One of the themes of the congress was that of giftedness. After realizing what high potential is in a first article on this subject, let's discuss the impacts on students and the means to promote their full development.

What are the impacts of giftedness on the educational progress of young people?

Officially representing about 2 % of the population, it is considered that there would be an even greater proportion of children with giftedness, because currently, it is often when people face difficulties at some point in their life. that the diagnosis is established. Parents who consult for their gifted child may also find that they too have giftedness.

A gifted youth may experience certain difficulties in class, including isolation, loneliness, misdiagnosis, boredom in class, rejection of routine, avoidance of effort, lack of learning methods, loss of academic motivation, or even dropping out of school. Psychologically, these children may experience anxiety, including performance anxiety, a feeling of difference from others, as well as mental health issues, which could lead to suicide.

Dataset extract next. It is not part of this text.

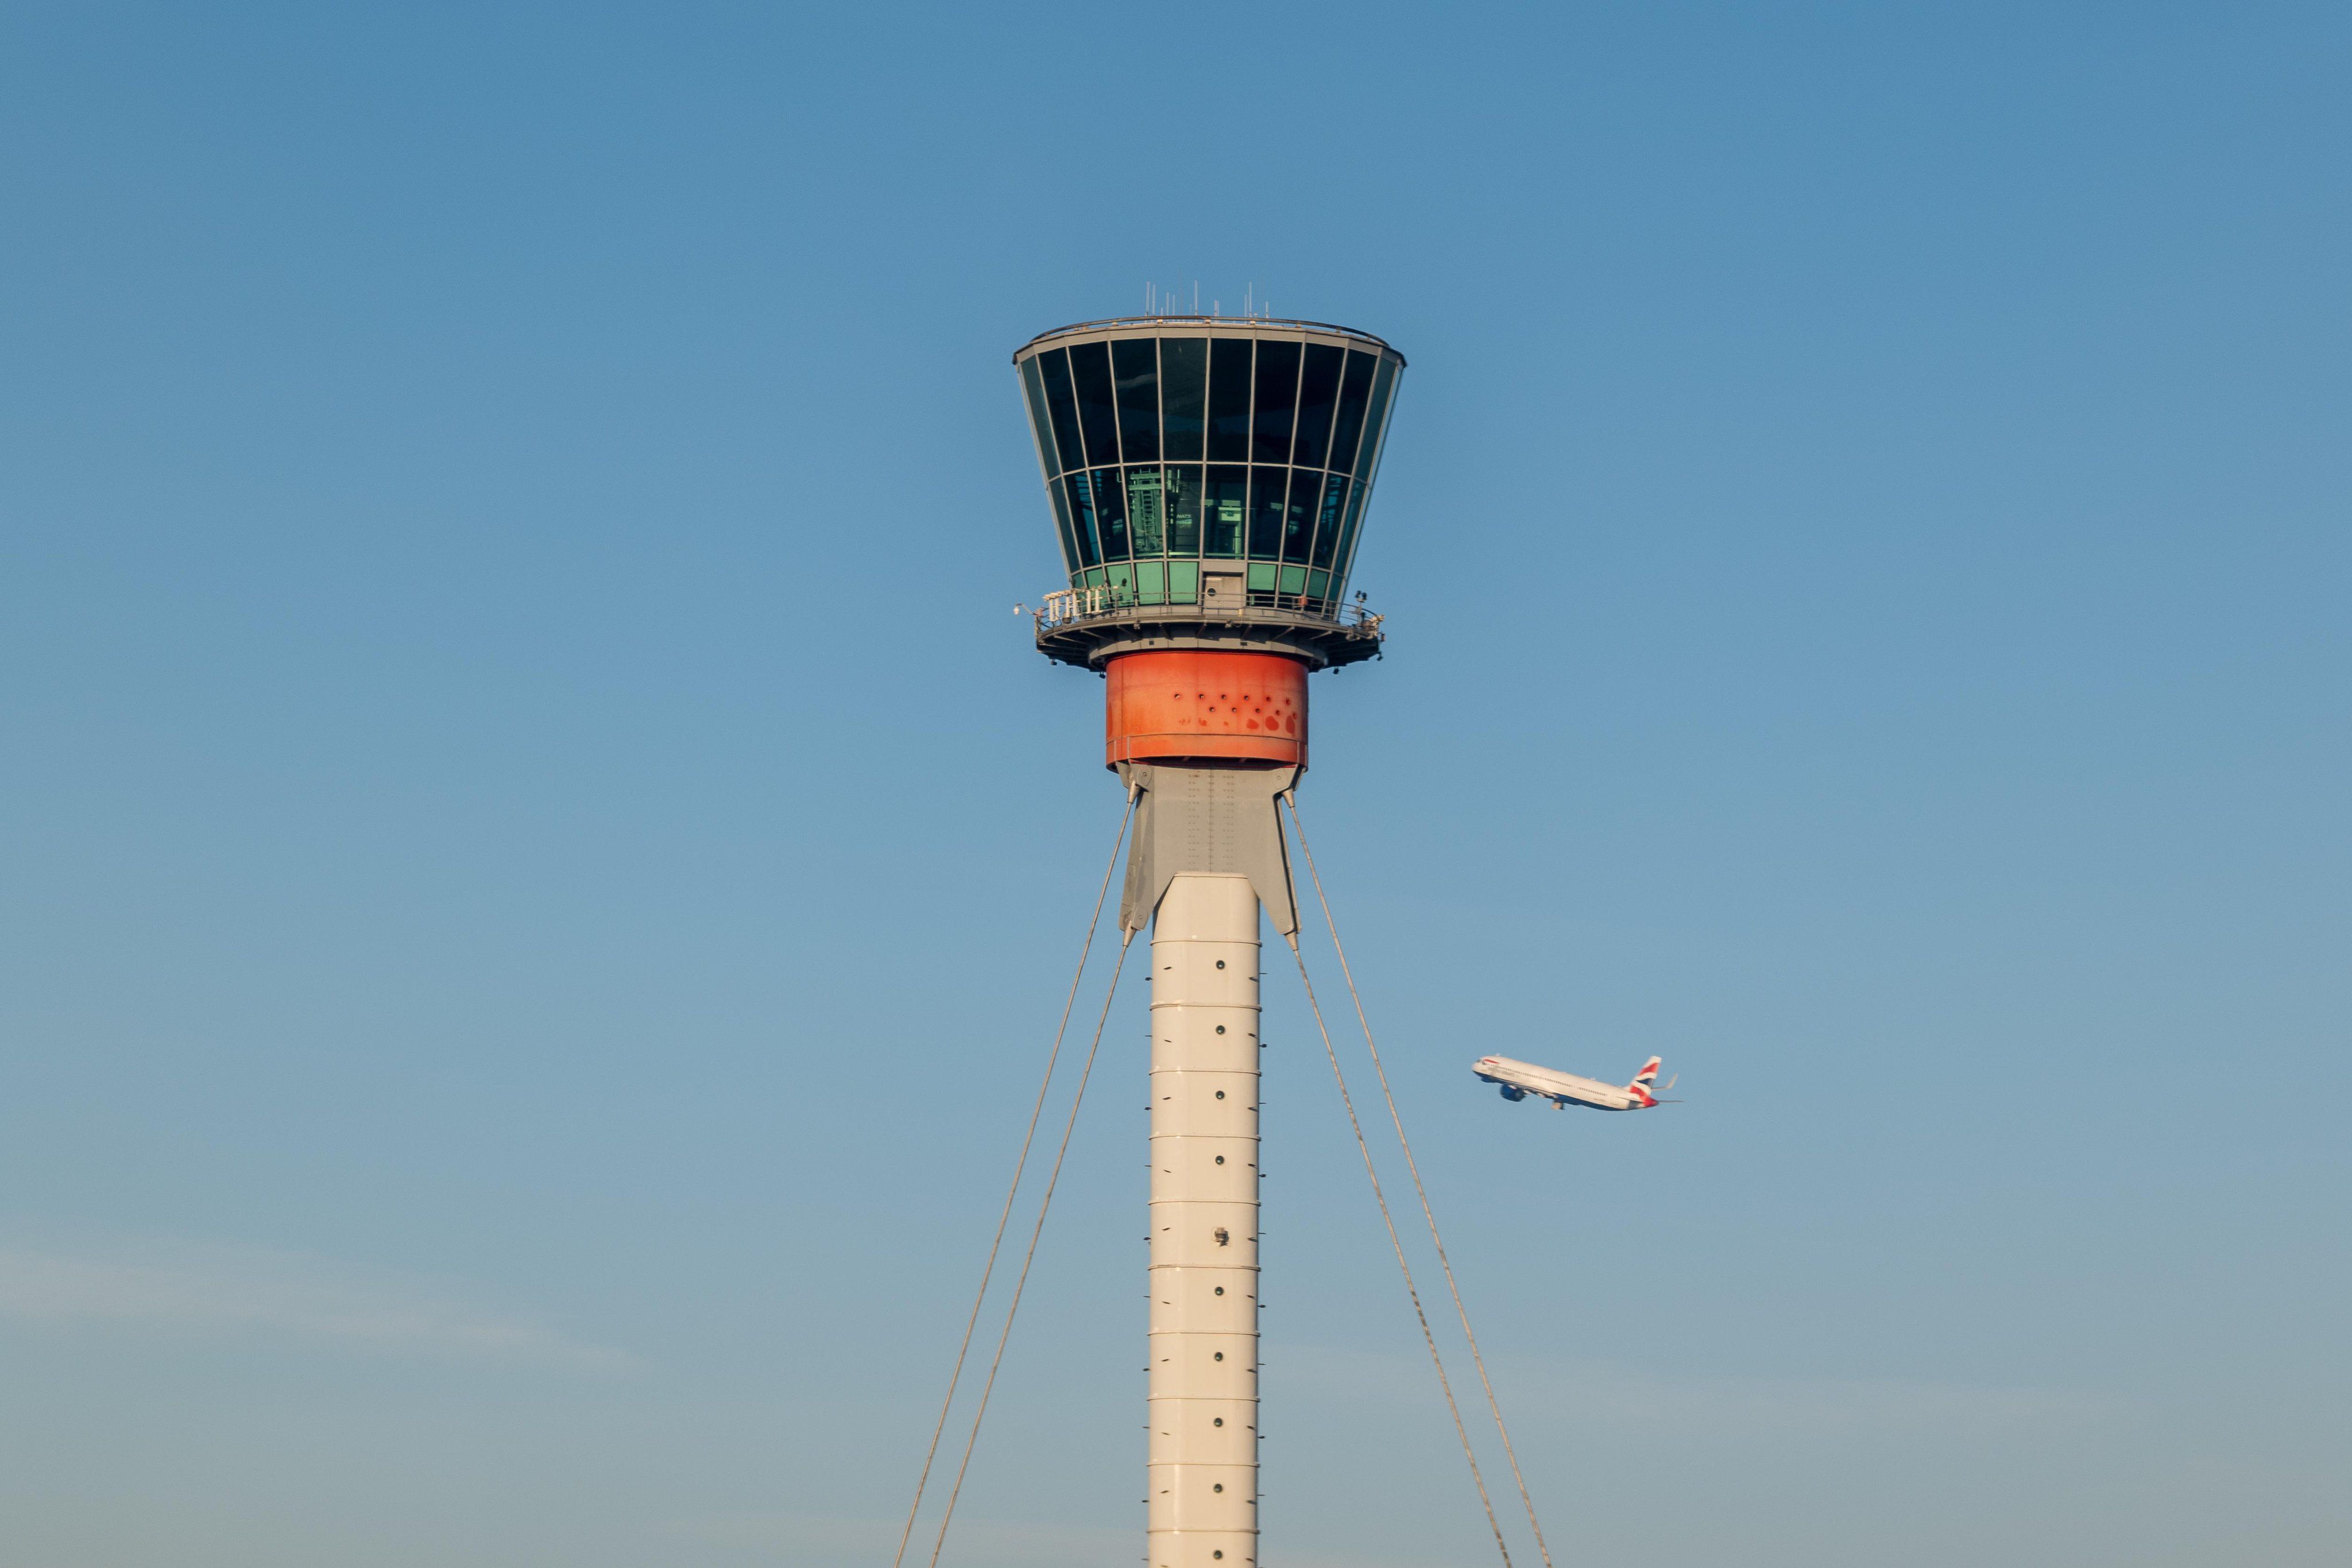 Heathrow Airport ATC Tower.

“It is not enough to have a high level of language, an exceptional memory and a high power of abstraction to obtain good academic results. It is still necessary that the child has the chance to benefit from filters which favor the emergence of skills ”- Brigitte Vuille & Marc Sieber, Swiss Journal of Specialized Education (2013)

Possible solutions to support these young people

First of all, it is important to mention that the development of the potential of children with gifted traits is influenced on the one hand by the genetic legacy of their parents, and on the other hand by the environment in which they evolve. For example, if a child has great artistic potential, but it is never called upon, he will never be able to express it to its full potential. It is the same with each of the 6 domains associated with giftedness. This clearly demonstrates the relevance of offering varied, authentic and open learning opportunities to students.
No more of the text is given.